Hungary’s Interior Ministry was preparing an amendment to a security law that could have forced media to add secret agents from national security services to their staffs. The government on Thursday backed away from the idea following an outcry from Hungarian media, though other industries will still be affected.
Dunja Mijatovic, media freedom representative for the Organization for Security and Cooperation in Europe, said leaving journalists out of the law is a “good decision.”
“Just the idea of having secret agents present in a newsroom is something that I find outrageously dangerous,” she told The Associated Press by phone from Vienna. “It’s an Orwellian practice.”
She said the proposal comes as many governments in the West are eroding freedom of expression, often in the name of security.
“It leaves a bitter taste. There is a feeling that as a society we are not moving in a good direction when we think about doing something like this,” she said.

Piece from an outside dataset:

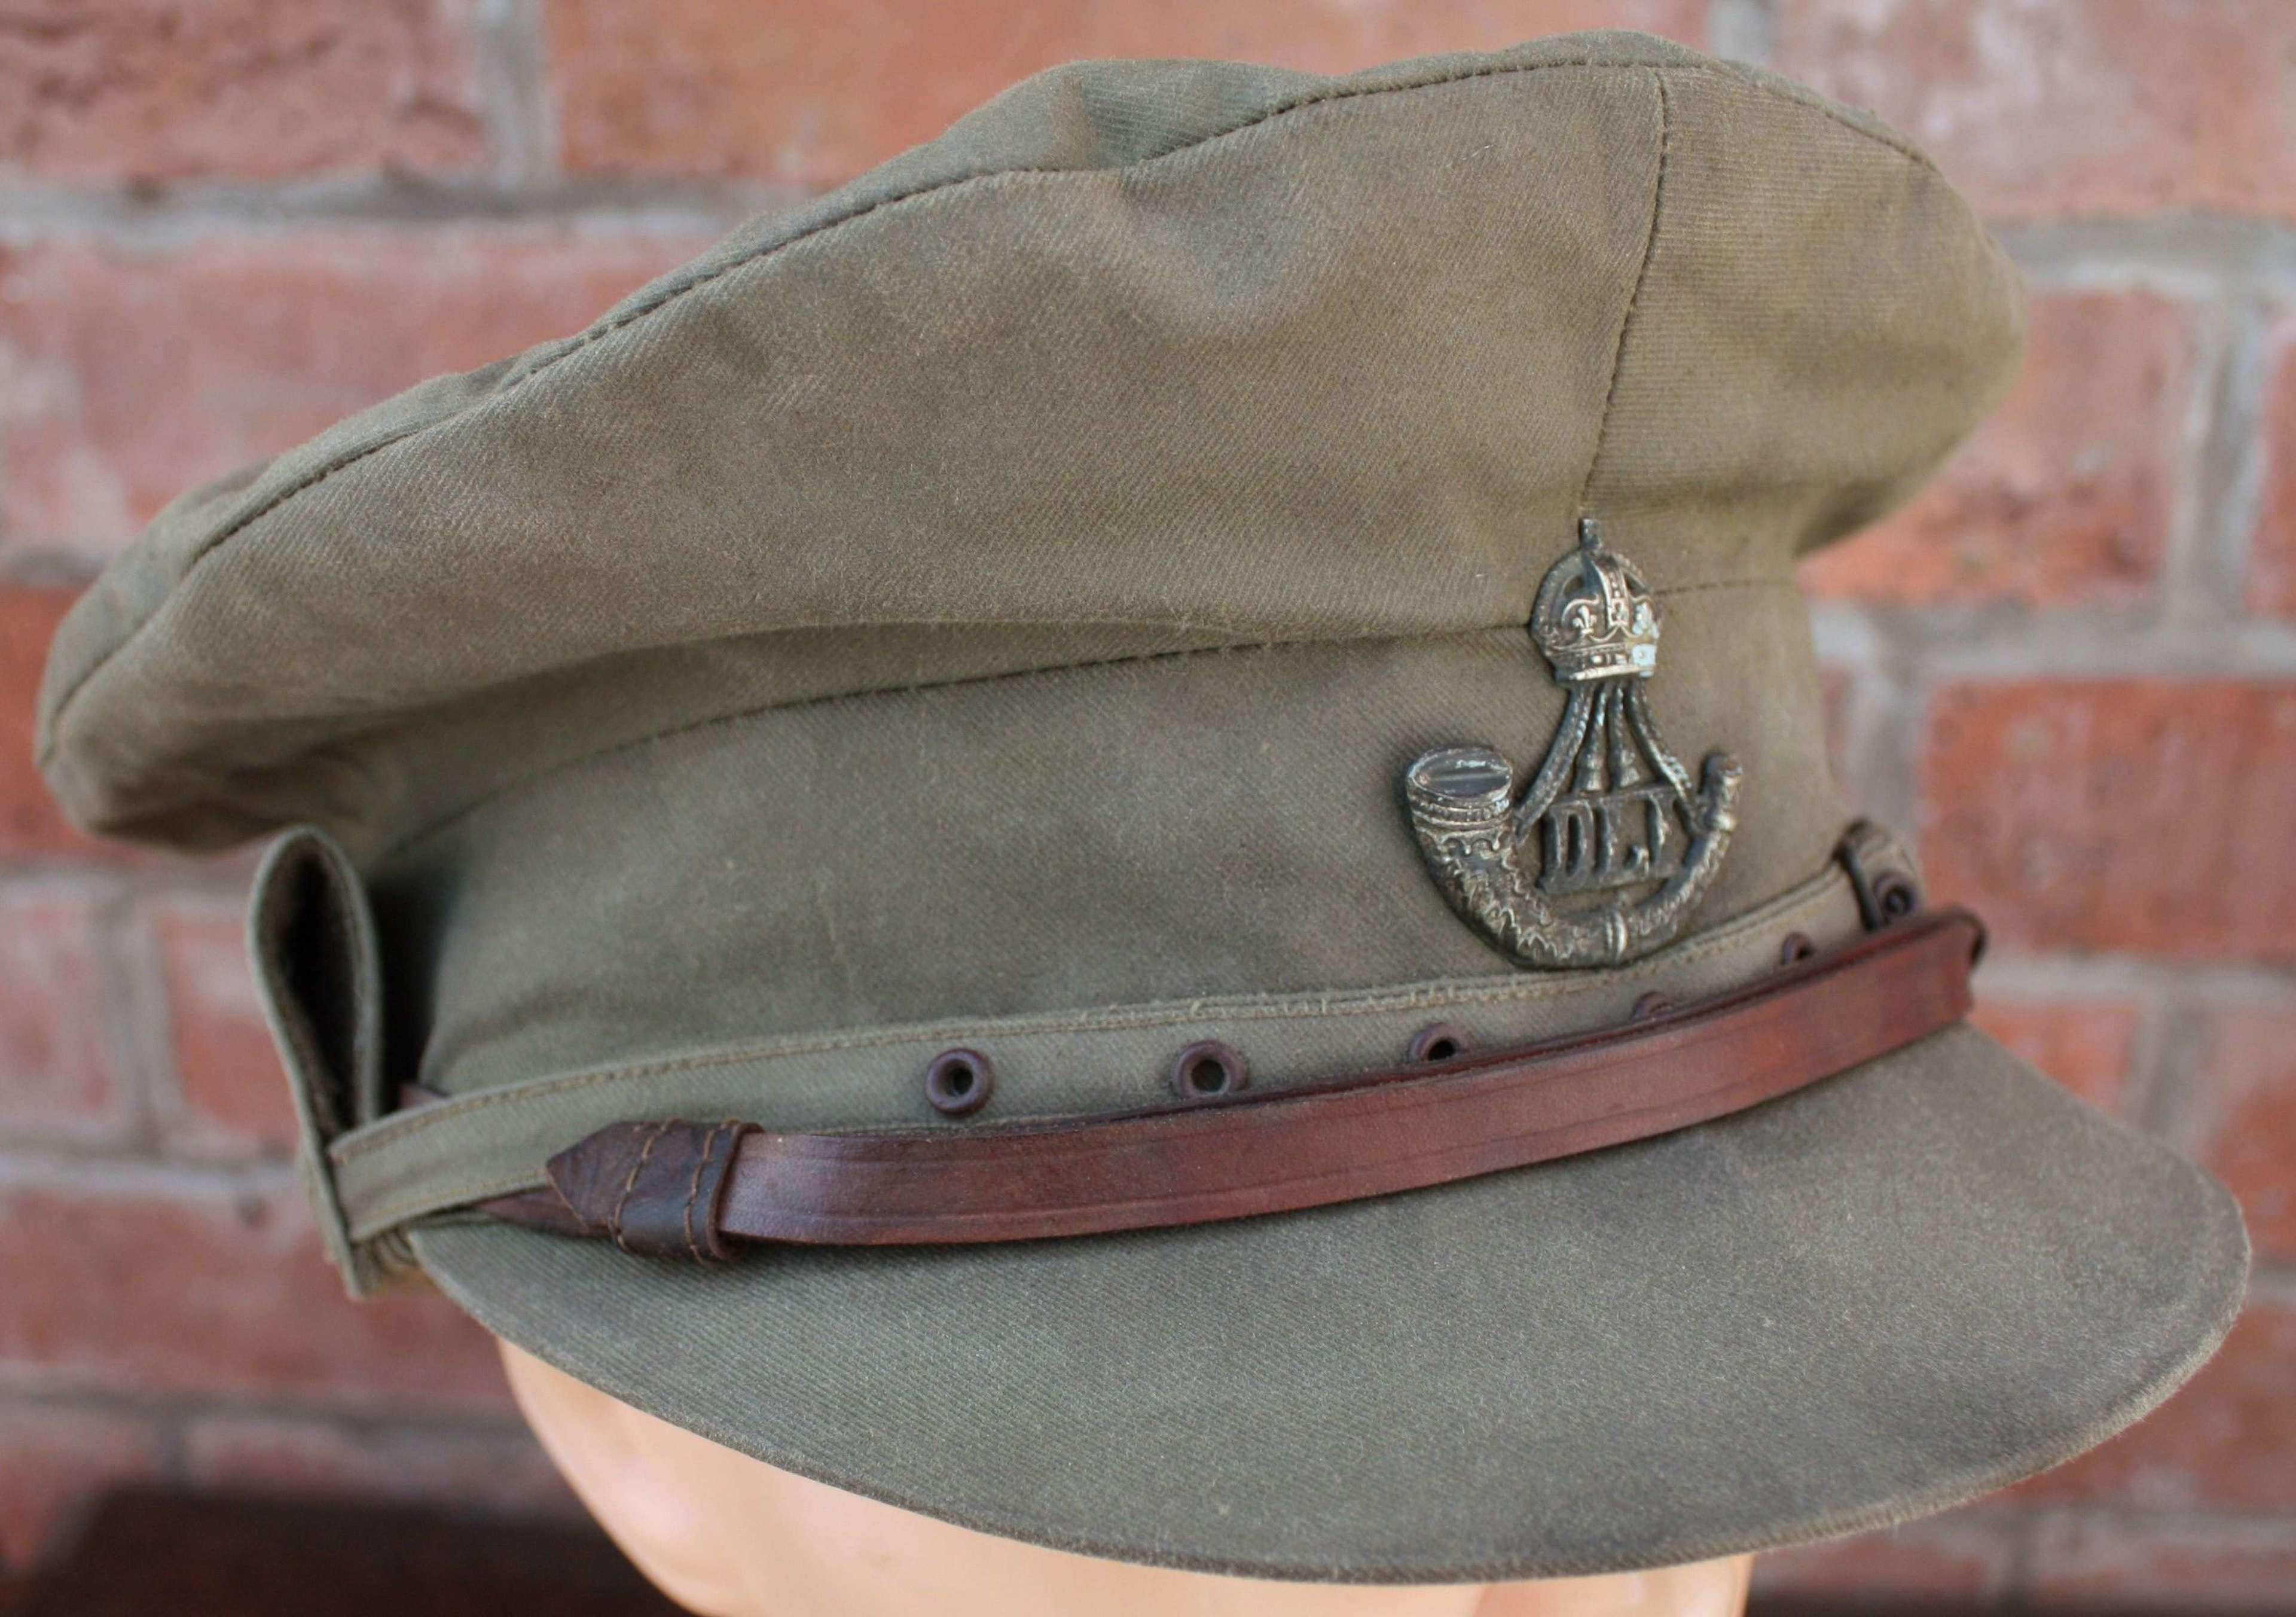 WW1 DLI BRITISH OFFICER'S 'GOR BLIMEY' CAP: DURHAM LIGHT INFANTRY

The ministry proposal originally included the media in a long list of institutions and companies — including energy, postal and weapons firms — that would employ secret agents who are qualified for “cover” jobs if required by the government.
The Hungarian Publishers’ Association, which represents more than 40 of Hungary’s largest media companies, protested Wednesday and said that it would “harshly interfere with and damage” media freedom and would facilitate censorship.
Government spokesman Zoltan Kovacs later said that while it was “unavoidable for reasons of national security” that secret agents work, for example, at mobile phone service providers, it was a misunderstanding that the law would also apply to the media.